Cependant, Mosaic n'a pas été le premier navigateur compatible avec Windows. Cet honneur revient à Cello, développé par Thomas R. Bruce de l'Institut d'information juridique de la faculté de droit de Cornell. Cello n'était rien de plus qu'une réponse à une demande soutenue d'accès Web de la part des avocats. En d'autres termes, le monde juridique utilisait Windows mais n'incluait pas de navigateur à l'époque.

Support des images GIF-XBM-PCX-BMP, visualisation postscript, son, sauvegarde et impression de fichiers, bookmarks, aperçus préliminaires de documents de grande taille (à l'ère du dial-up, c'était vital) et un bon support des protocoles ont démontré que Cello était un navigateur très complet... mais Mosaic a absorbé ses utilisateurs, et la version 2.0 n'a jamais vu le jour.

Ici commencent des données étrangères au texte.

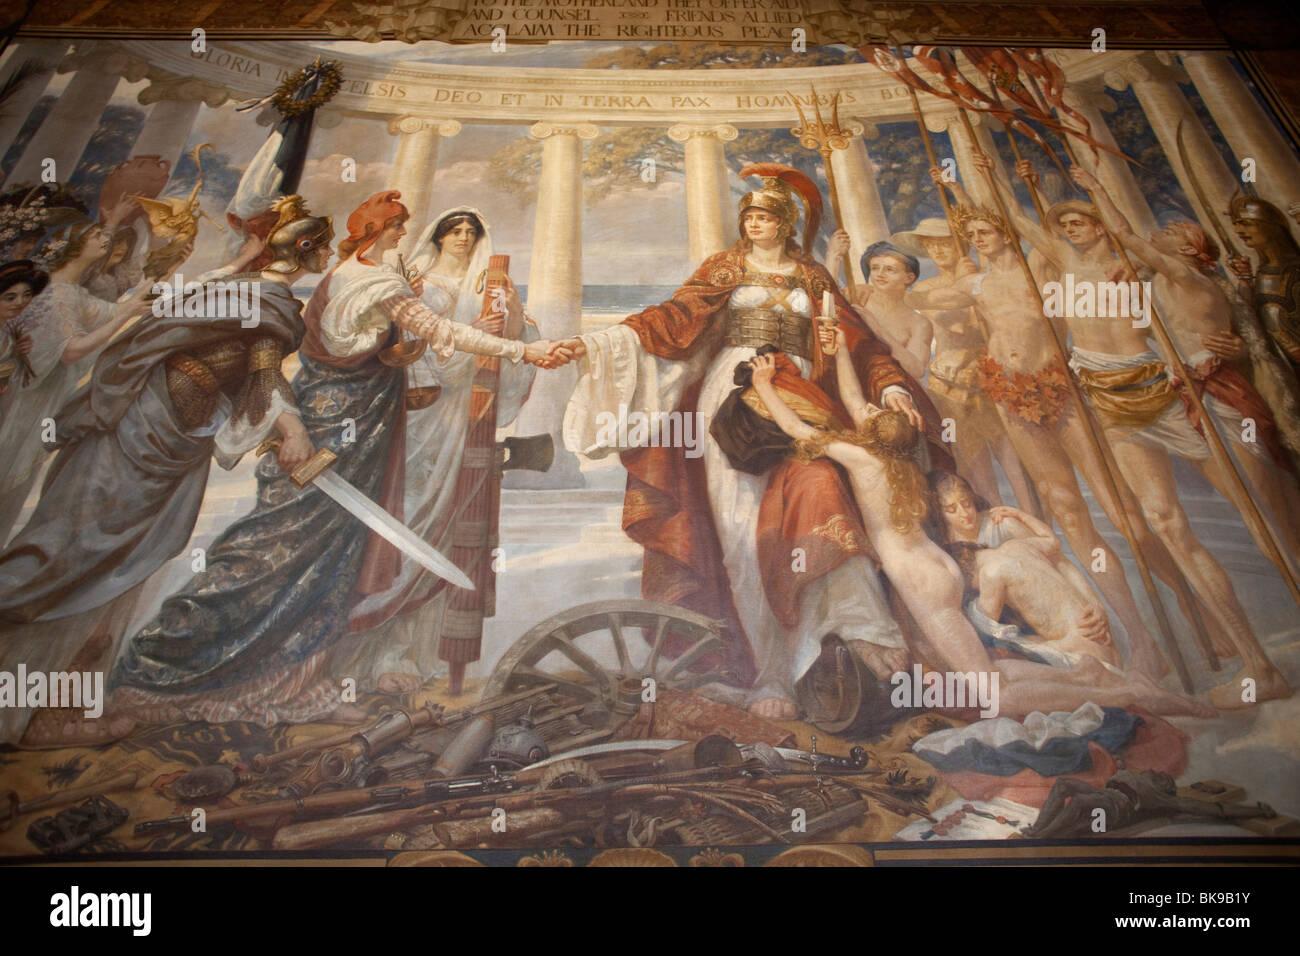 Illustrazione raffigurante Britannia in un edificio governativo, Foreign Office, Whitehall a Londra, Inghilterra Immagini Stock
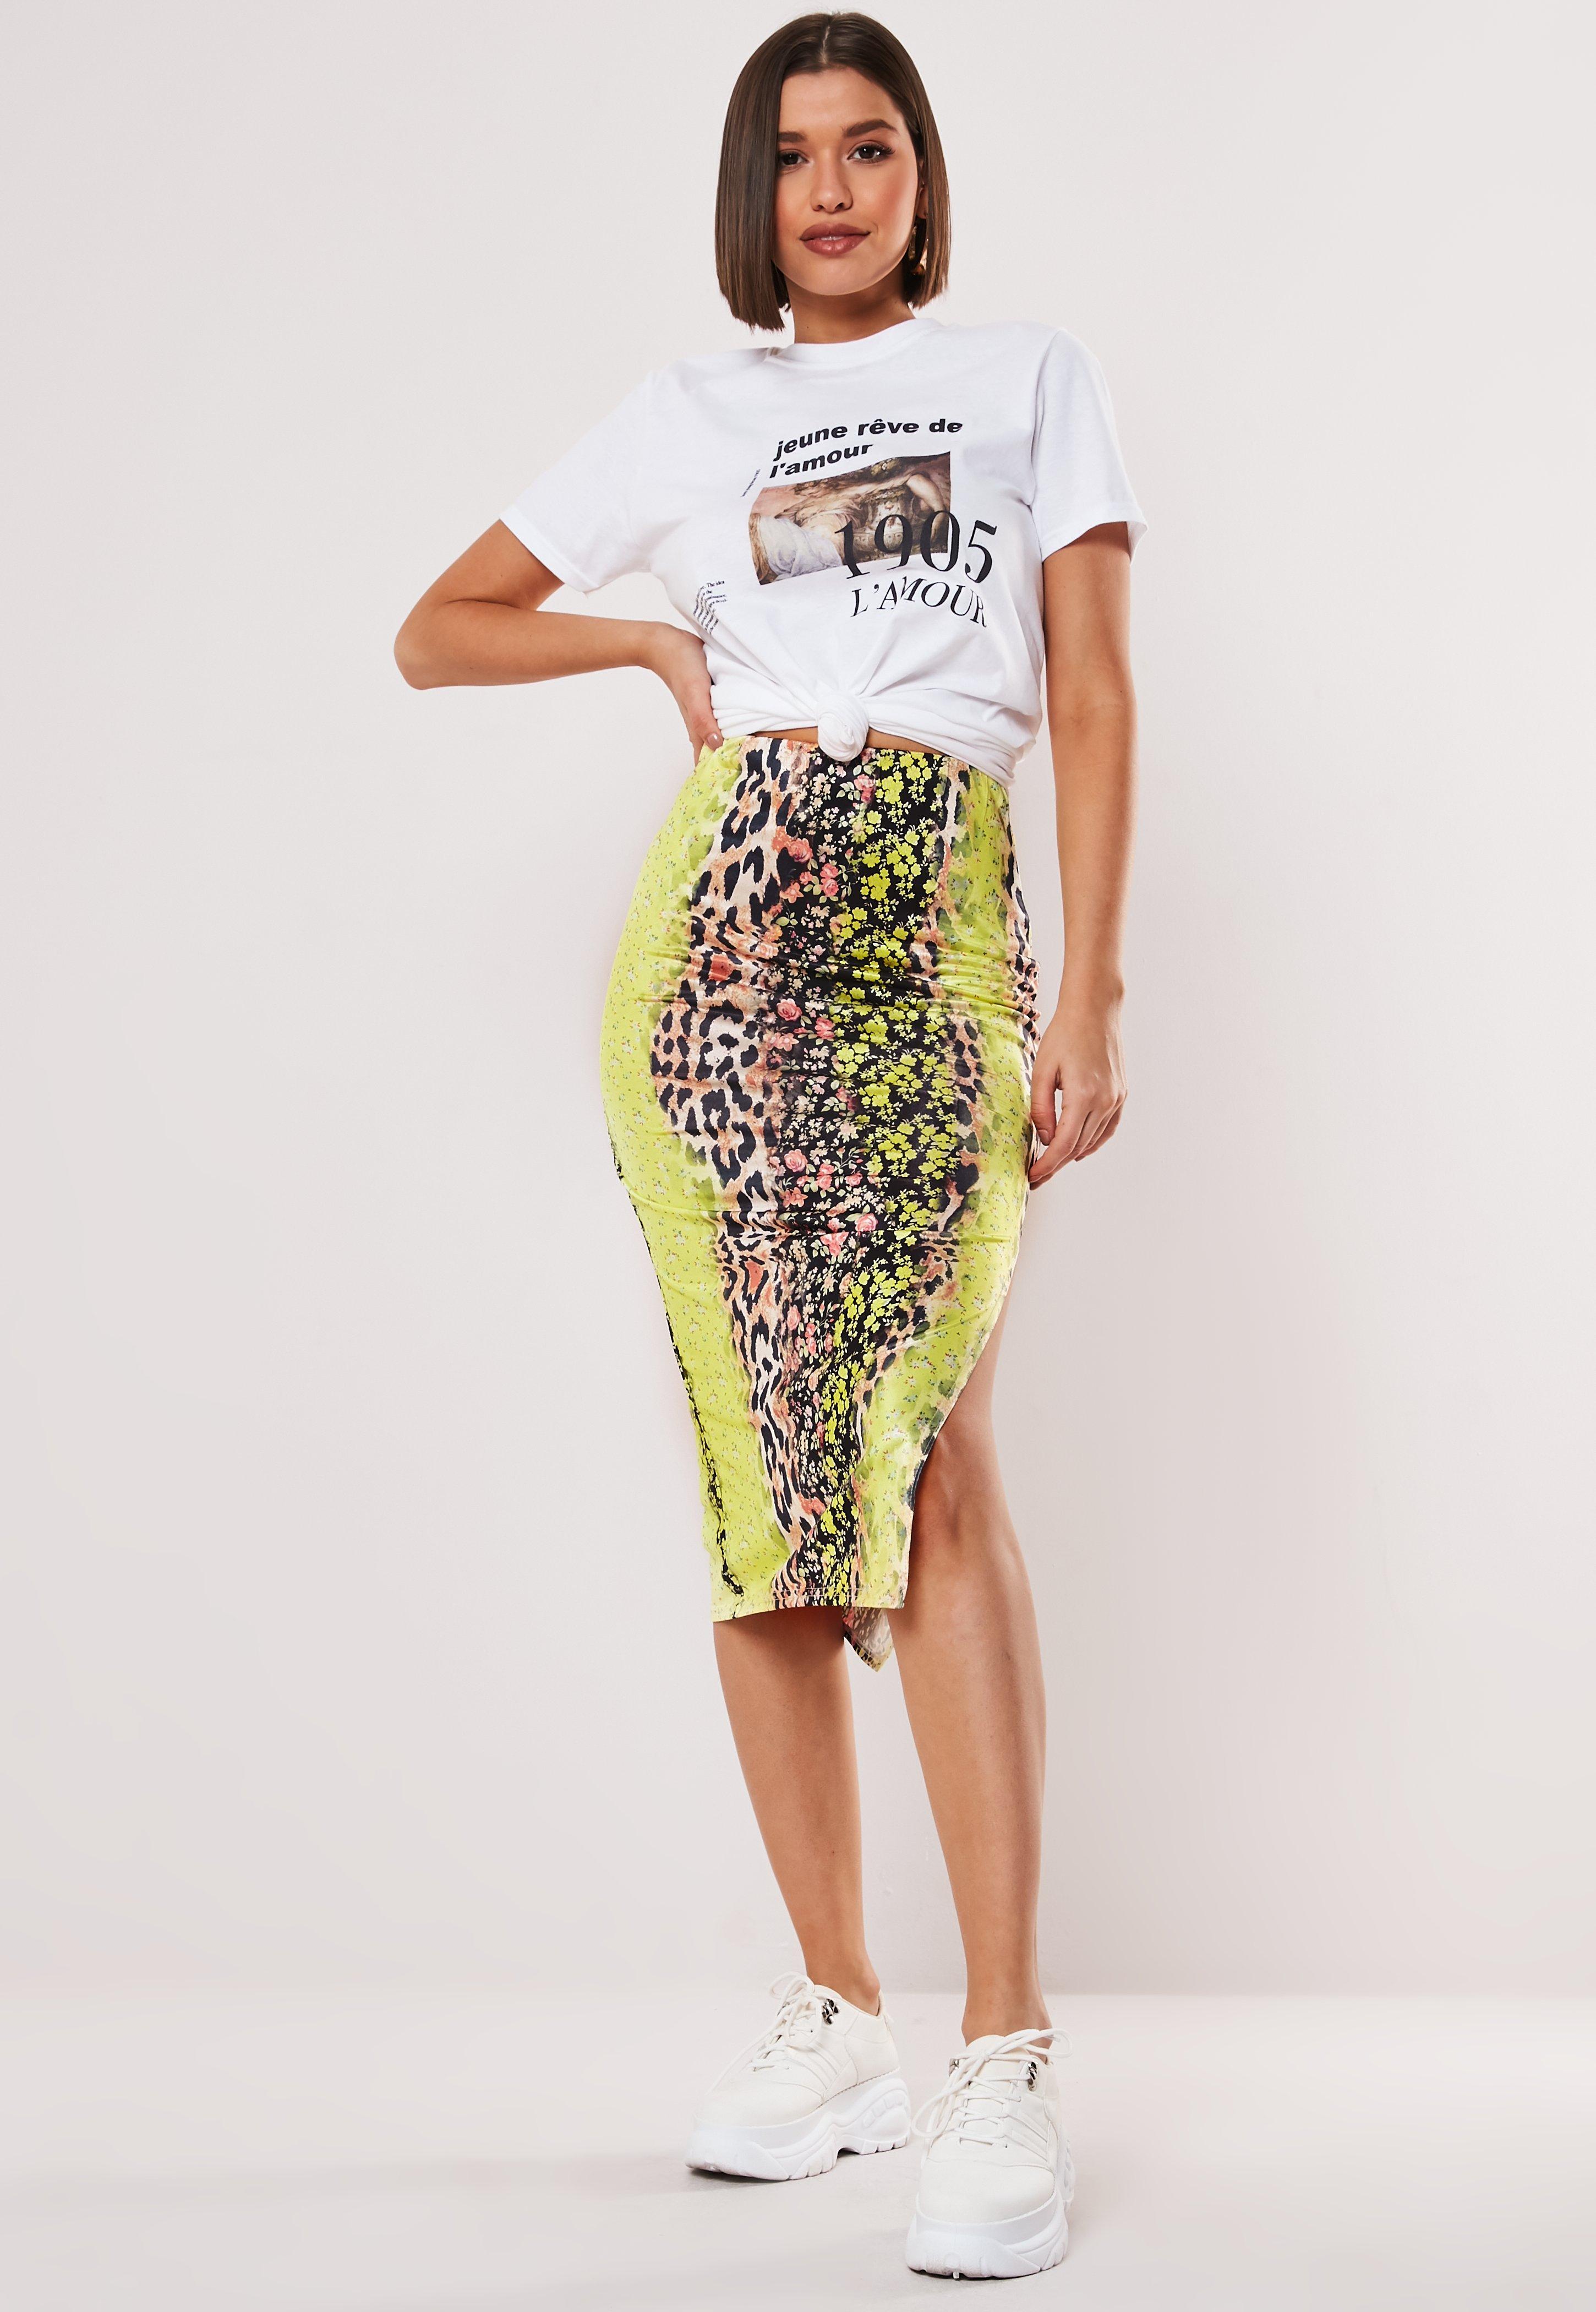 d3b0e058e8b42d Skirts | Winter Skirts for Women Online UK - Missguided

Oui, Lynx est resté en dehors de la sélection, et oui, l'épique guerre entre Netscape et Internet Explorer est incontournable, mais nous devons tracer la ligne quelque part. L'histoire des navigateurs est fascinante, et nous pourrions facilement nous perdre en chemin. En substance, nous sommes face à une demi-décennie d'explosions technologiques qui ont établi les bases du Web moderne. Nous leur devons beaucoup, et il vaut la peine de s'en souvenir.